Tuesday, May 17, 2016

The shut outs

  One of the saddest moment of my life was the day my father took me away from my mother

  Before it happened I was living with my mother in Long Beach, California. I lived with my mom because my father mister big shot banker didn't want to have me around 24/7. Not that he didn't want me he would say, things were just too "complicated". My mother on the other hand was my favorite person in the world, and even though she was stuck with me I know she loved me. But Torri, because she never allowed me to call her mother, was like a scale. " She has her ups and downs" my pop pops use to say to me when she would act funny. Even the slidest touch could unbalance her you would come to notice. So when granddaddy passed that was that burst of harsh wind for my momma. My mom couldn't deal with the world around her, let alone raise me. There would be times where I would go hungry for days and not have a thing to do but major sure she was still alive. Her room would be so dark and she would jump at the first sight of light I  would try to invite in. Then the day came when my father said that he would not help my Torri anymore .I guess thats what pushed her over the edge.

   We were able to manage throughout the following months.

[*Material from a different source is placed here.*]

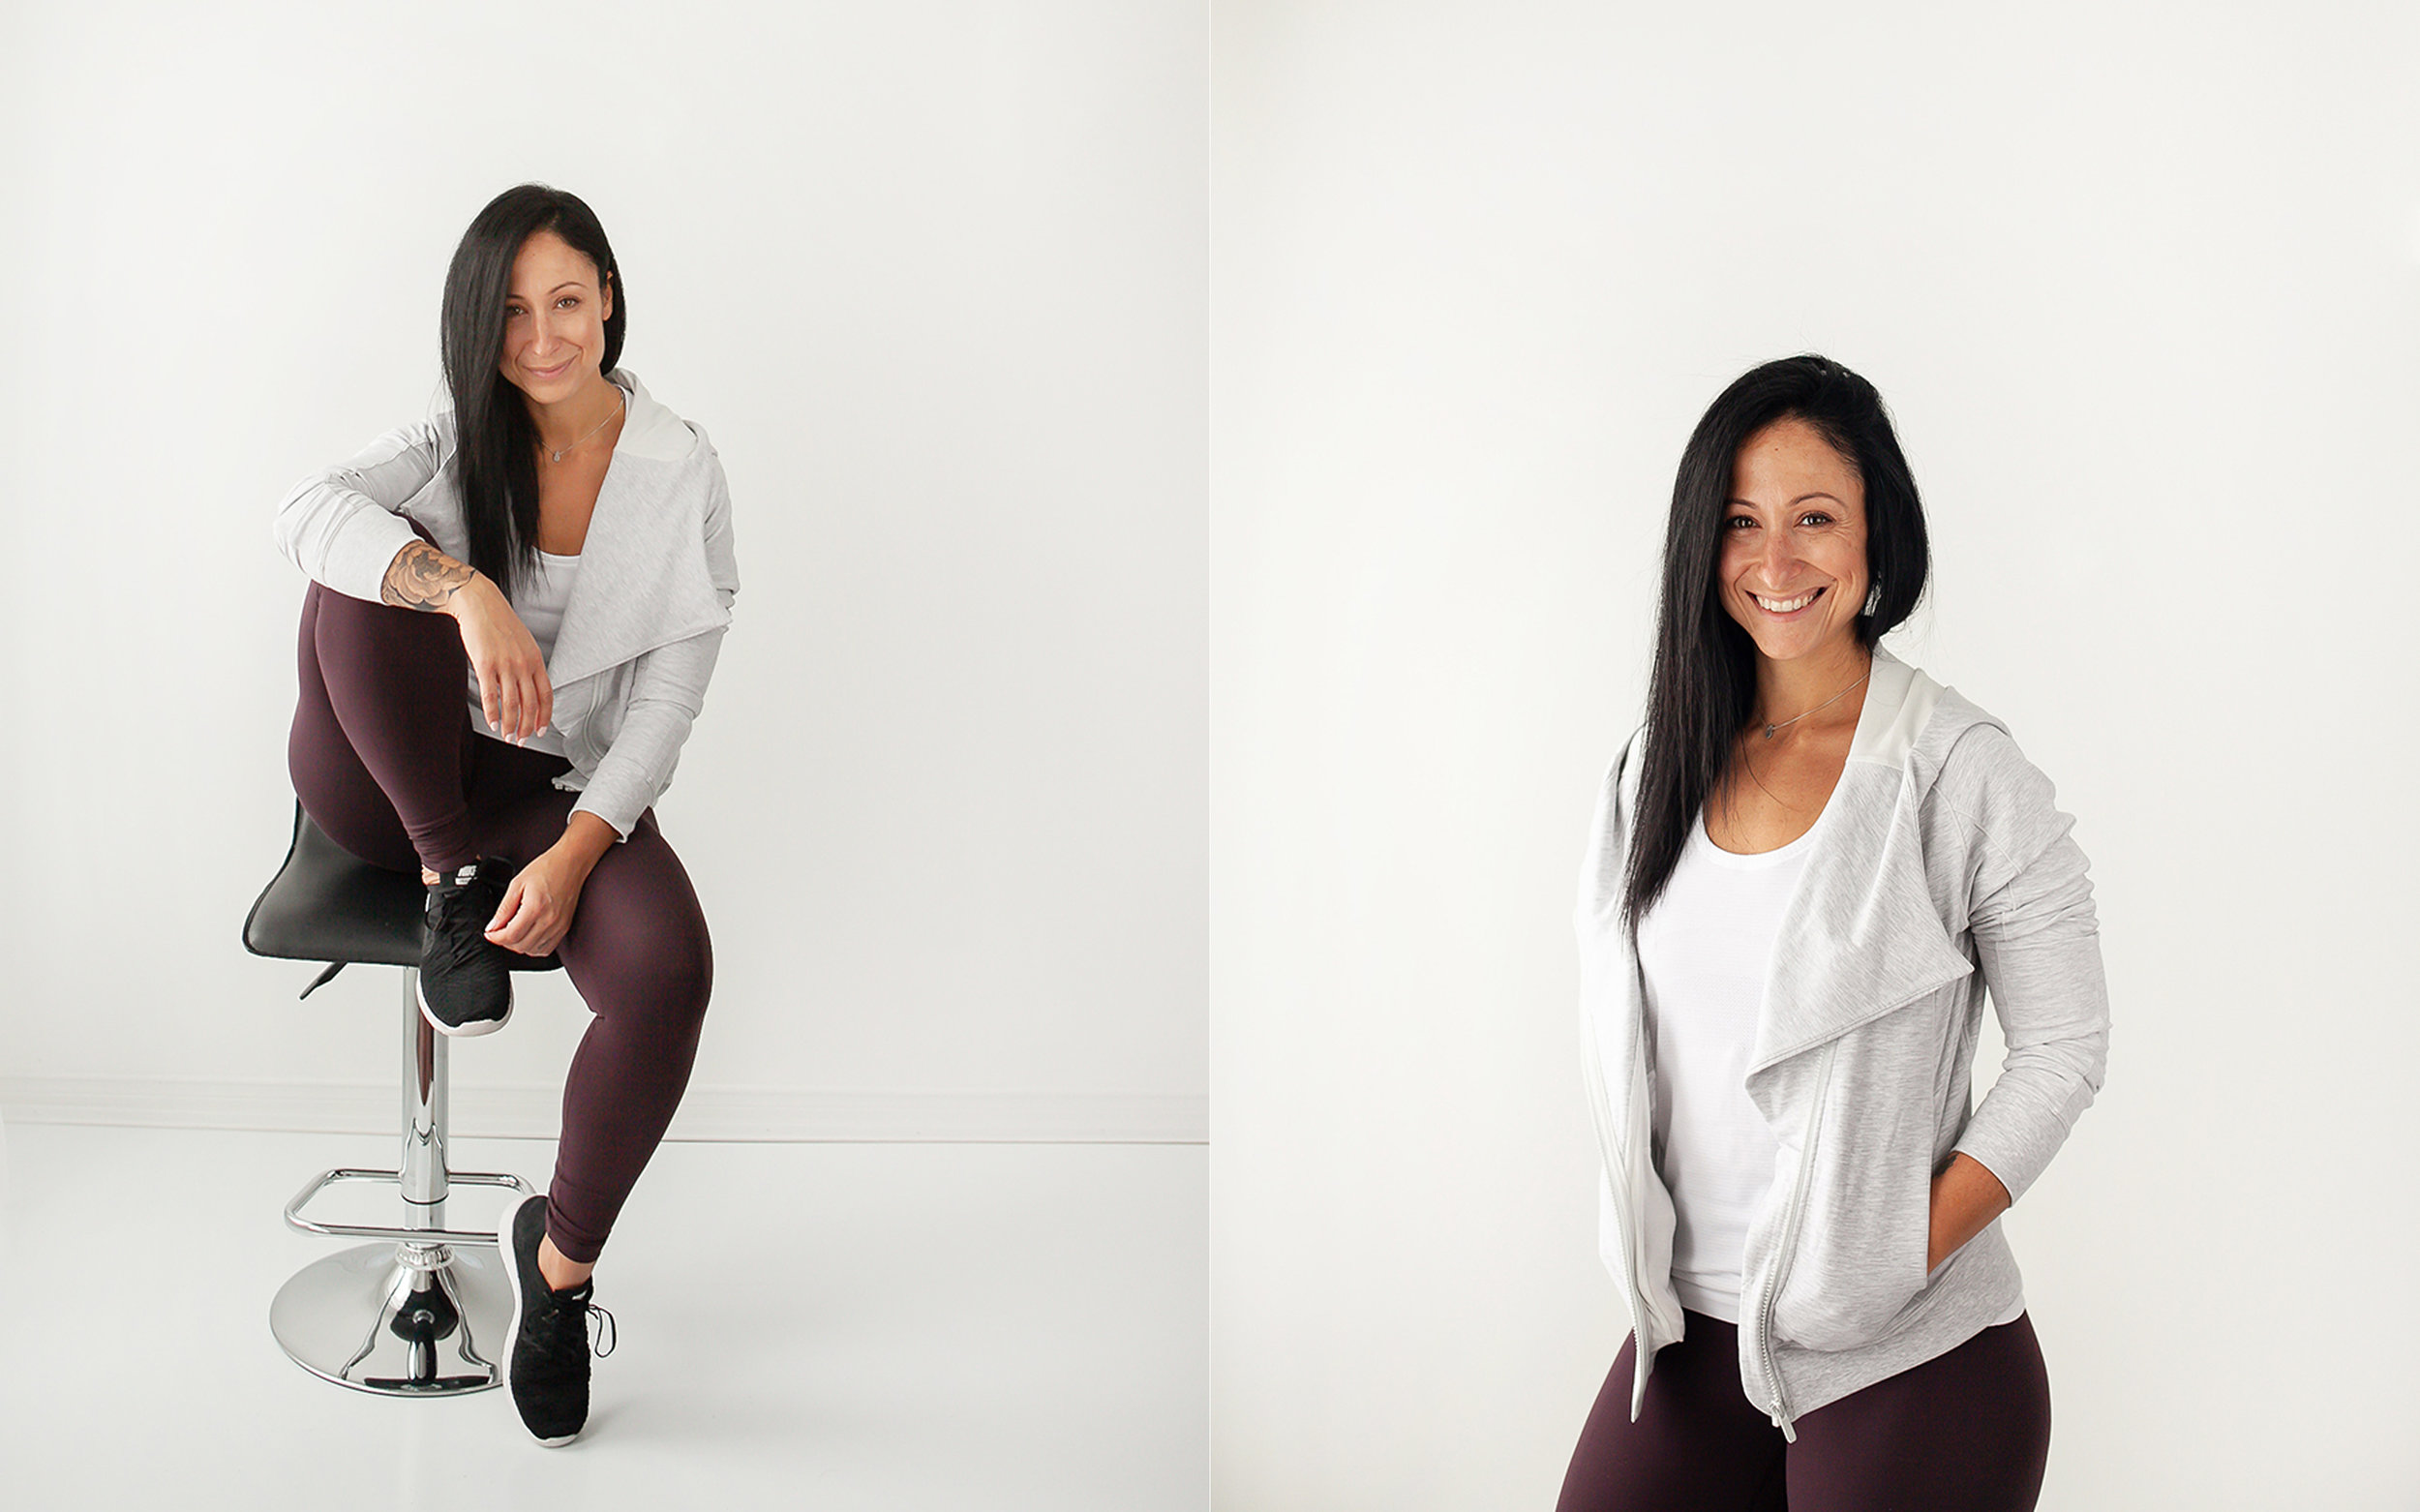 Branding_Fitness_Lifestyle_Headshots_Oshawa_Bradford_Petra_King_Photography.jpg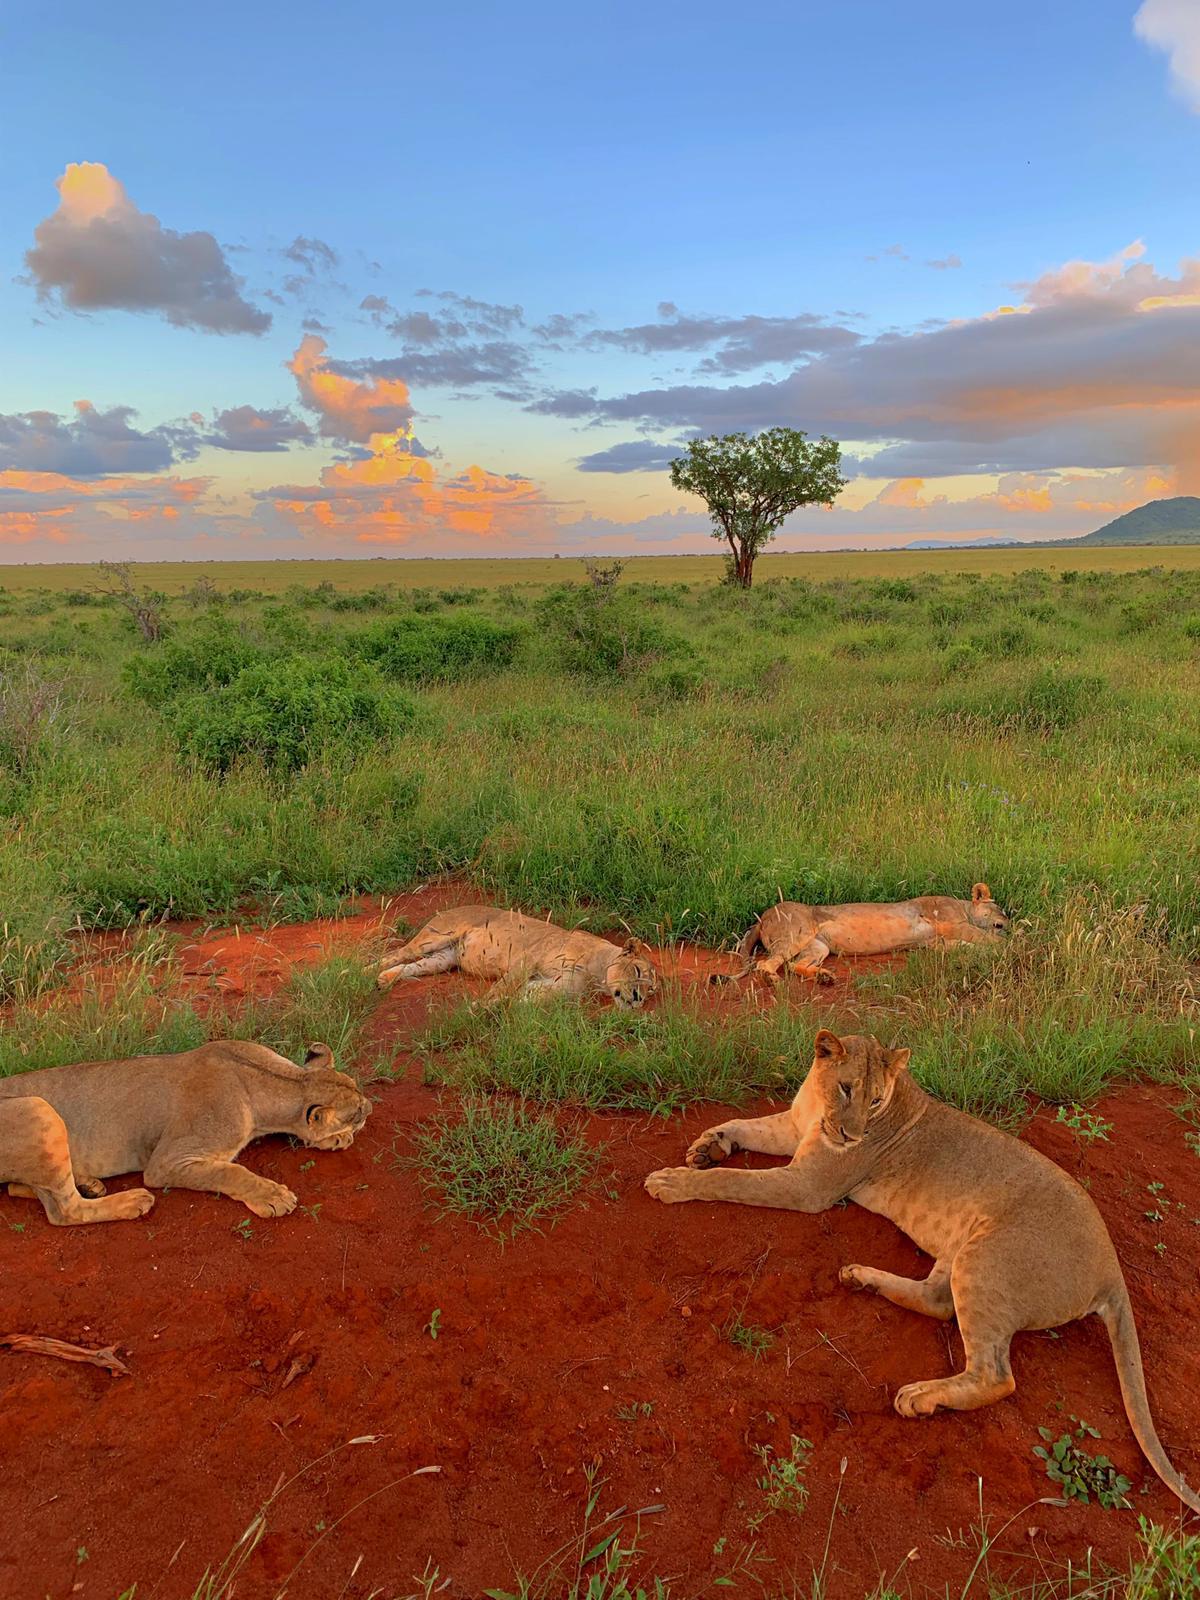 WhatsApp Image 2019 12 16 at 13.45.32 - Safari Masai Mara . Lago Nakuru . Amboseli . Taita Hills . Tsavo Est

My mom would disappear for hours, leaving me alone all the time. "When I was your age my mom would leave me all the time. Your a very good girl you will be fine, I love kimberlee" she would say. But when she would return home she would be a completely different person. She would stink and begin to act funny and then her usually funny way. Later on in life I found out it was drugs and other activities that required her body. The night it happen I was 8 years old and all alone, again. I would always stay up late to wait for Torri to come home. So around 12 am as I watched midnight cartoons there..was a knock on the door. I went to open the door and realized it was my father.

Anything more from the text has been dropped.